Note: The service annotation here is for Azure load balancer health check and should be used only when installing ingress to an AKS cluster.
> helm repo add ingress-nginx https://kubernetes.github.io/ingress-nginx 
> helm repo update 
> helm install ingress-nginx ingress-nginx/ingress-nginx \ 
    --namespace ingress-nginx \ 
    --create-namespace \ 
    --set controller.service.loadBalancerIP=<ip-address> \ 
    --set controller.service.annotations."service\.beta\.kubernetes\.io/azure-load-balancer-health-probe-request-path"=/healthz

NGINX ingress install can be configured for tolerance, nodeSelector, and so on. These configurations can be passed to the ingress helm deployment command using the -f option. Configurable parameters include:

Parameter Description
controller.config.proxy-body-size Maximum allowed size in the request body. The value should be greater than the size of data that you are trying to push.
controller.config.proxy-connect-timeout The timeout max for establishing a connection with a proxied server.
controller.config.proxy-read-timeout Sets a timeout for reading a request to the proxied server.
controller.config.proxy-send-timeout Sets a timeout for transmitting a request to the proxied server
controller.config.enable-access-log-for-default-backend Enables logging access to default backend. Disabled by default.
controller.config.ssl-redirect Sets the global value of redirects (301) to HTTPS if the server has a TLS certificate.
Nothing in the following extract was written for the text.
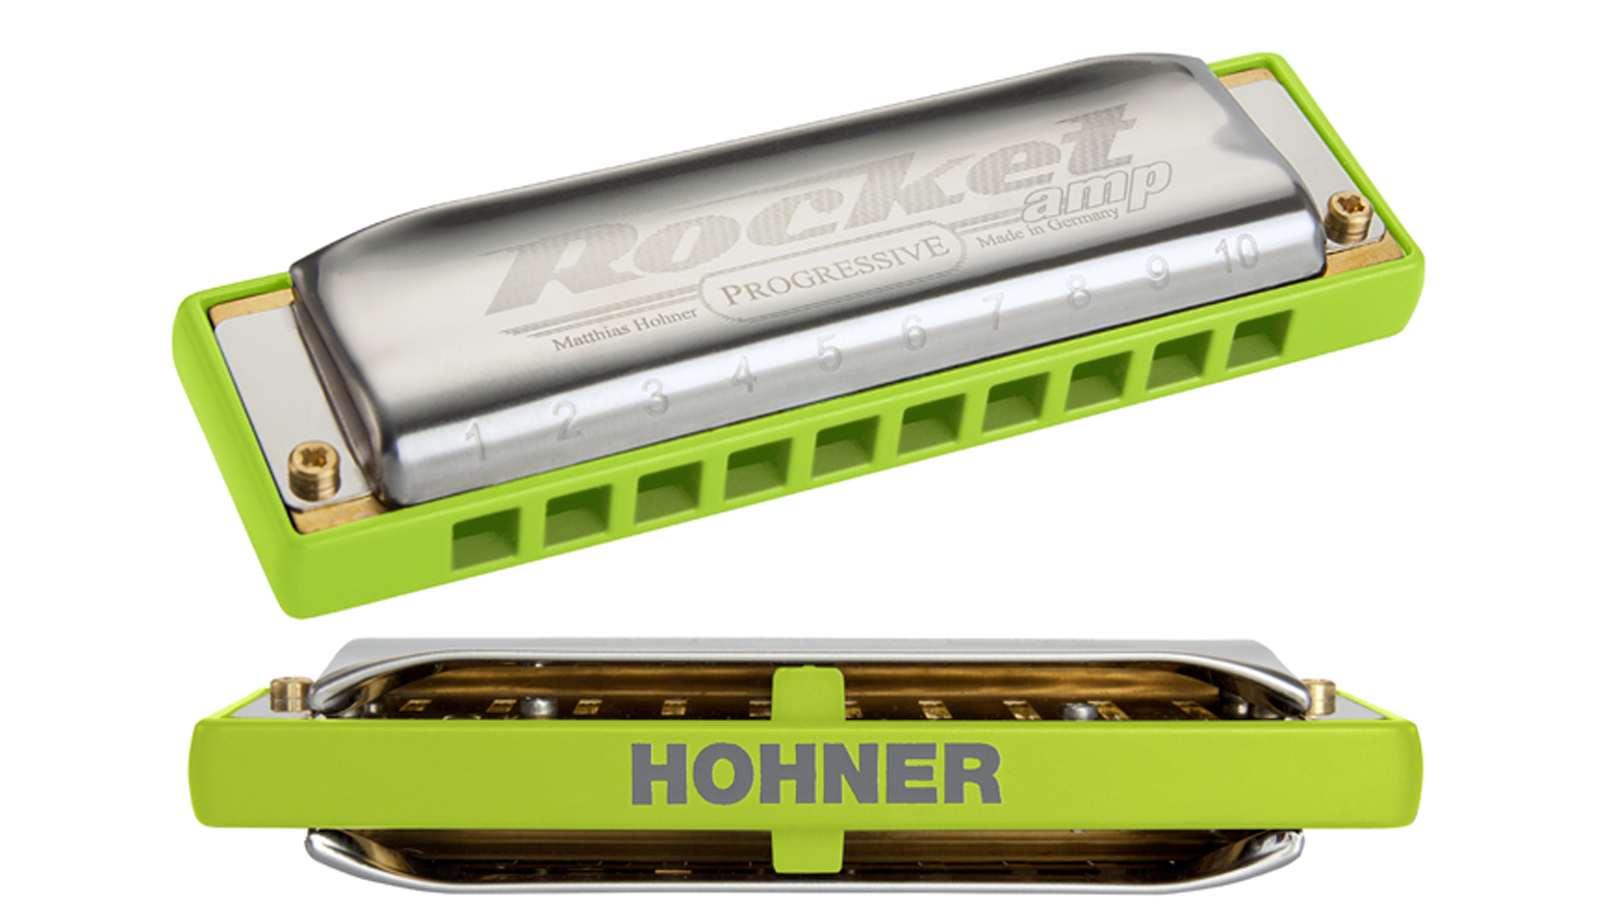 Hohner Rocket-Amp A-Dur Mundharmonika
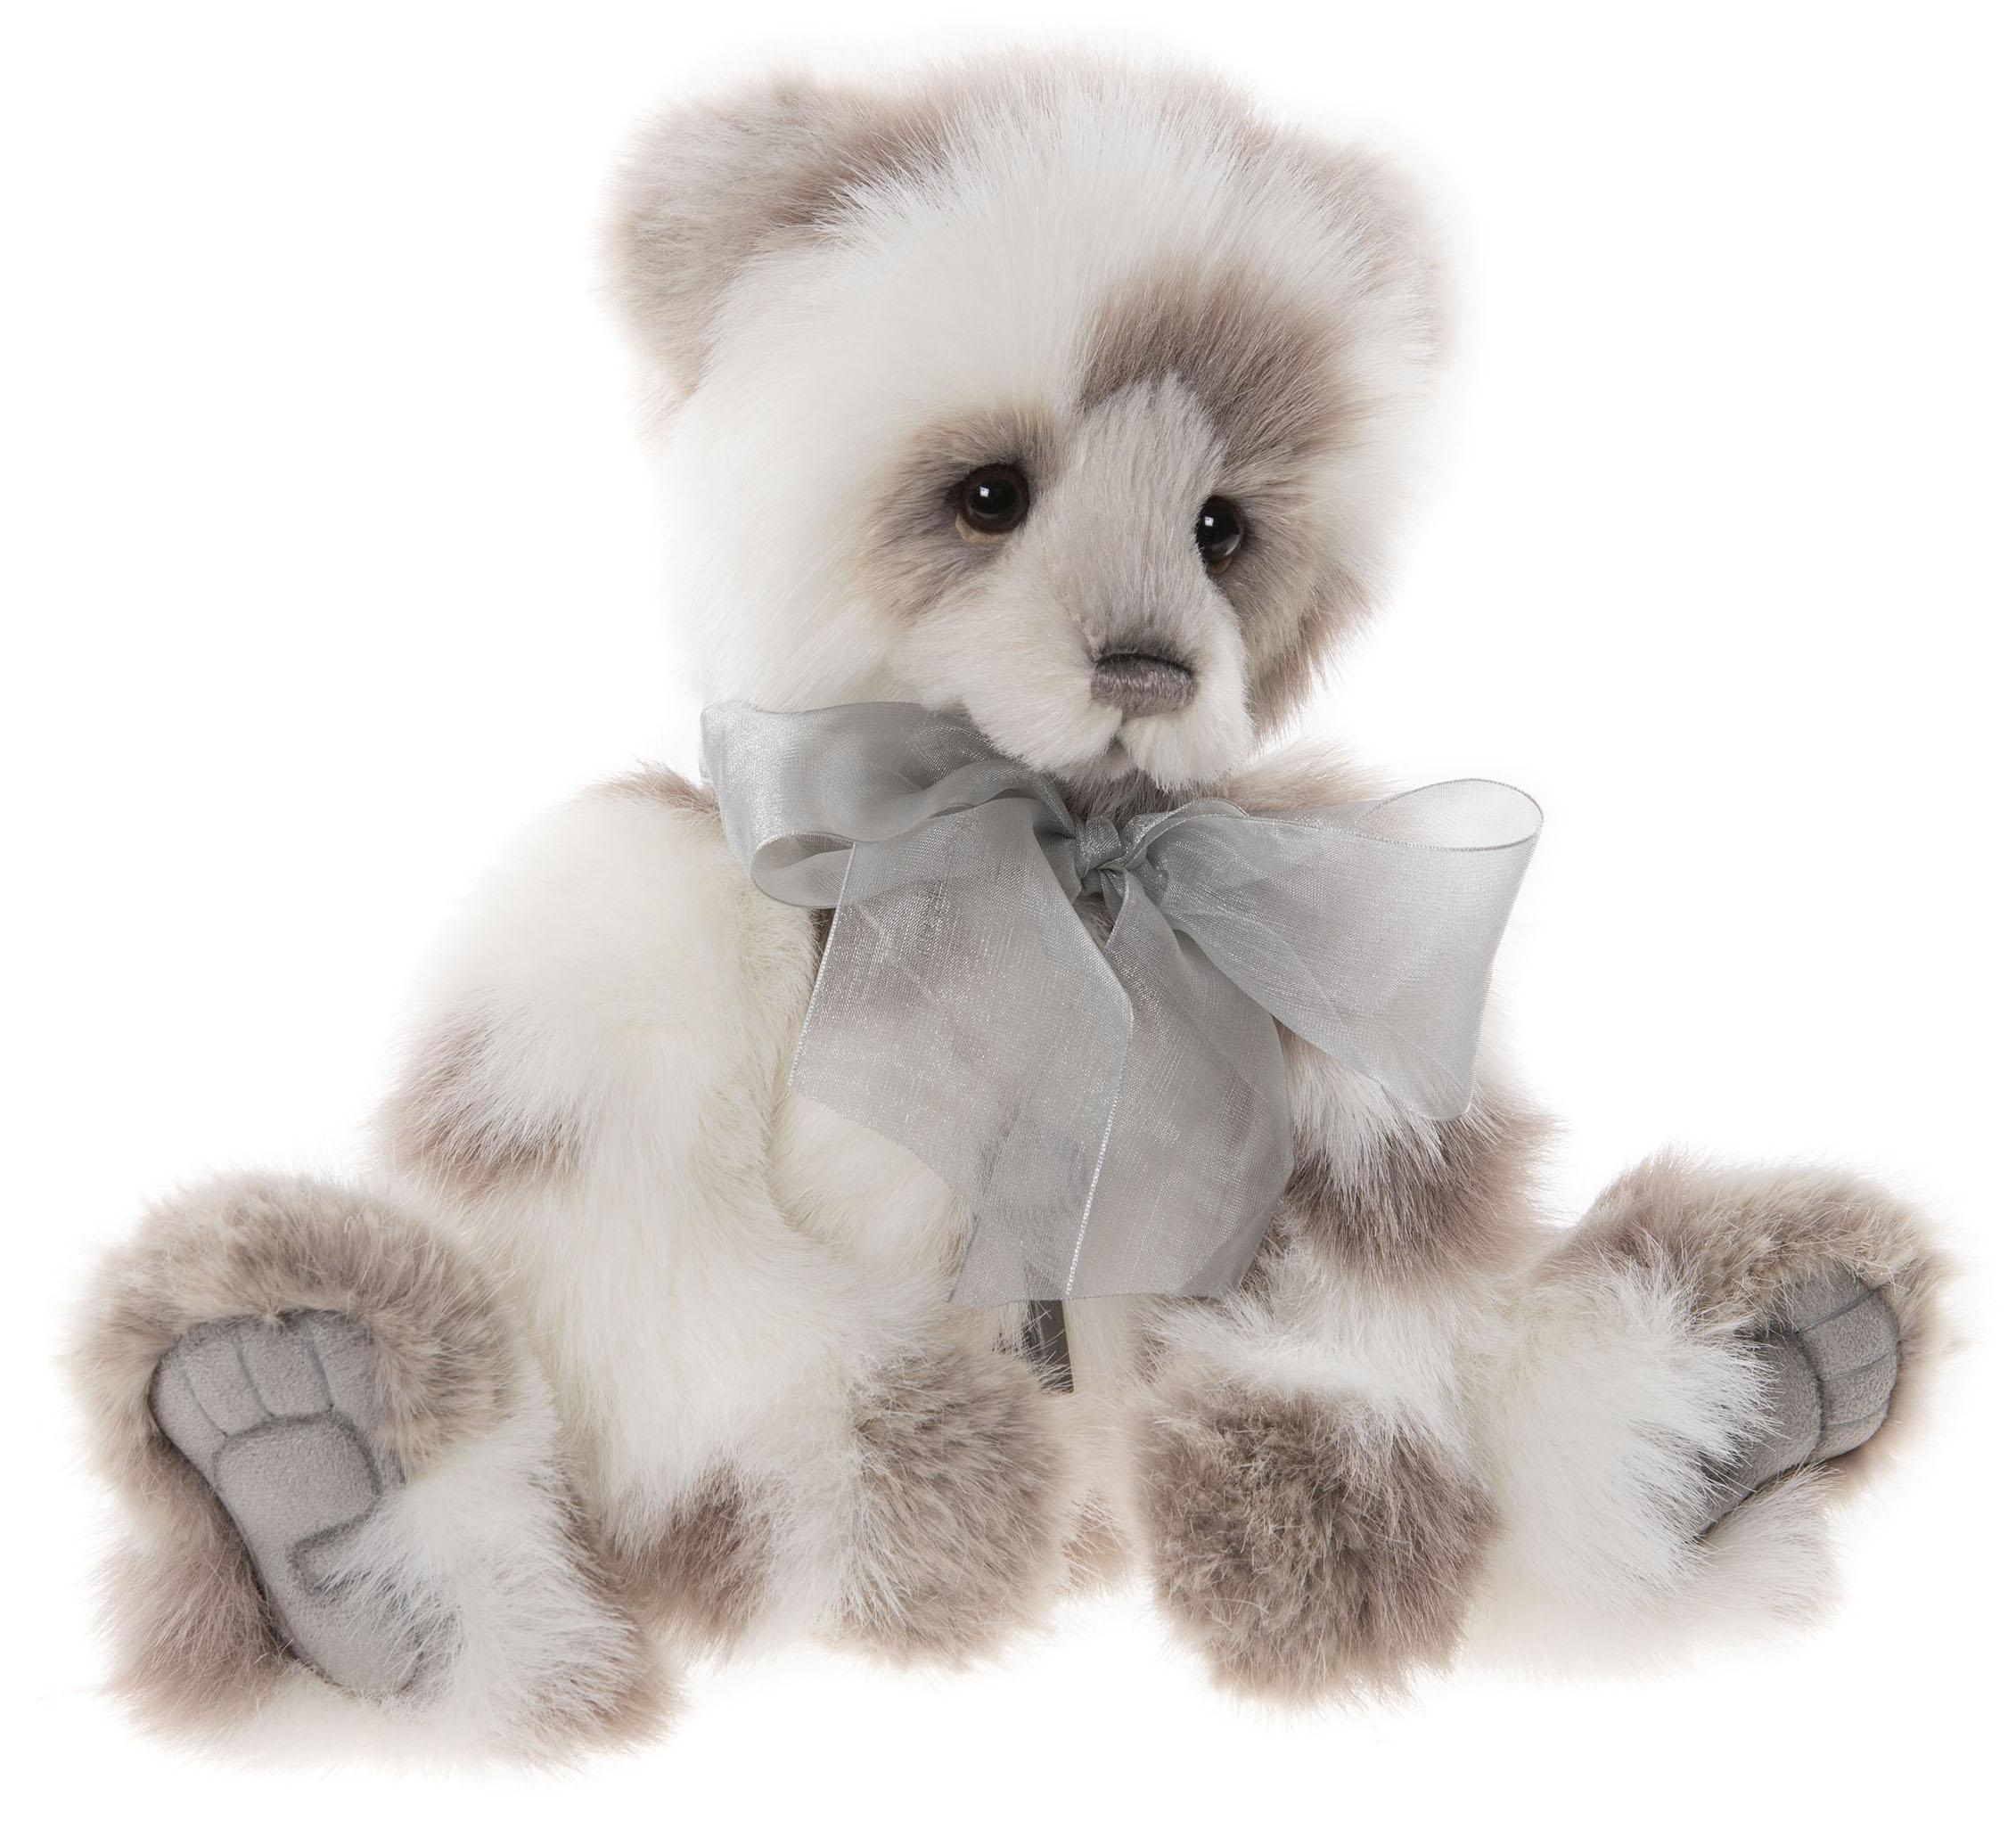 近年テディベア業界で大人気の英国メーカー 2021年最新入荷 Charlie Bears 市販 Mary チャーリーベアーズ Jane 安値

The default value is true.
controller.config.use-http2 Enables or disables HTTP/2 support in secure connections.
nodeSelector.kubernetes.io/os The os type on nodes to run ingress.
tolerations.key Fault tolerance.

Cert-manager

Install and configure Cert-manager:
> helm repo add jetstack https://charts.jetstack.io
> helm repo update
> helm install cert-manager jetstack/cert-manager --namespace cert-manager --create-namespace --set installCRDs=true

Helm

Helm is a set of resources that makes it easier to configure and use Kubernetes applications.

Complete instructions for installing the Helm CLI can be found here.

Azure CLI

The Azure CLI is a set of commands used to create and manage Azure resources.

Complete instructions for installing the Azure CLI can be found here.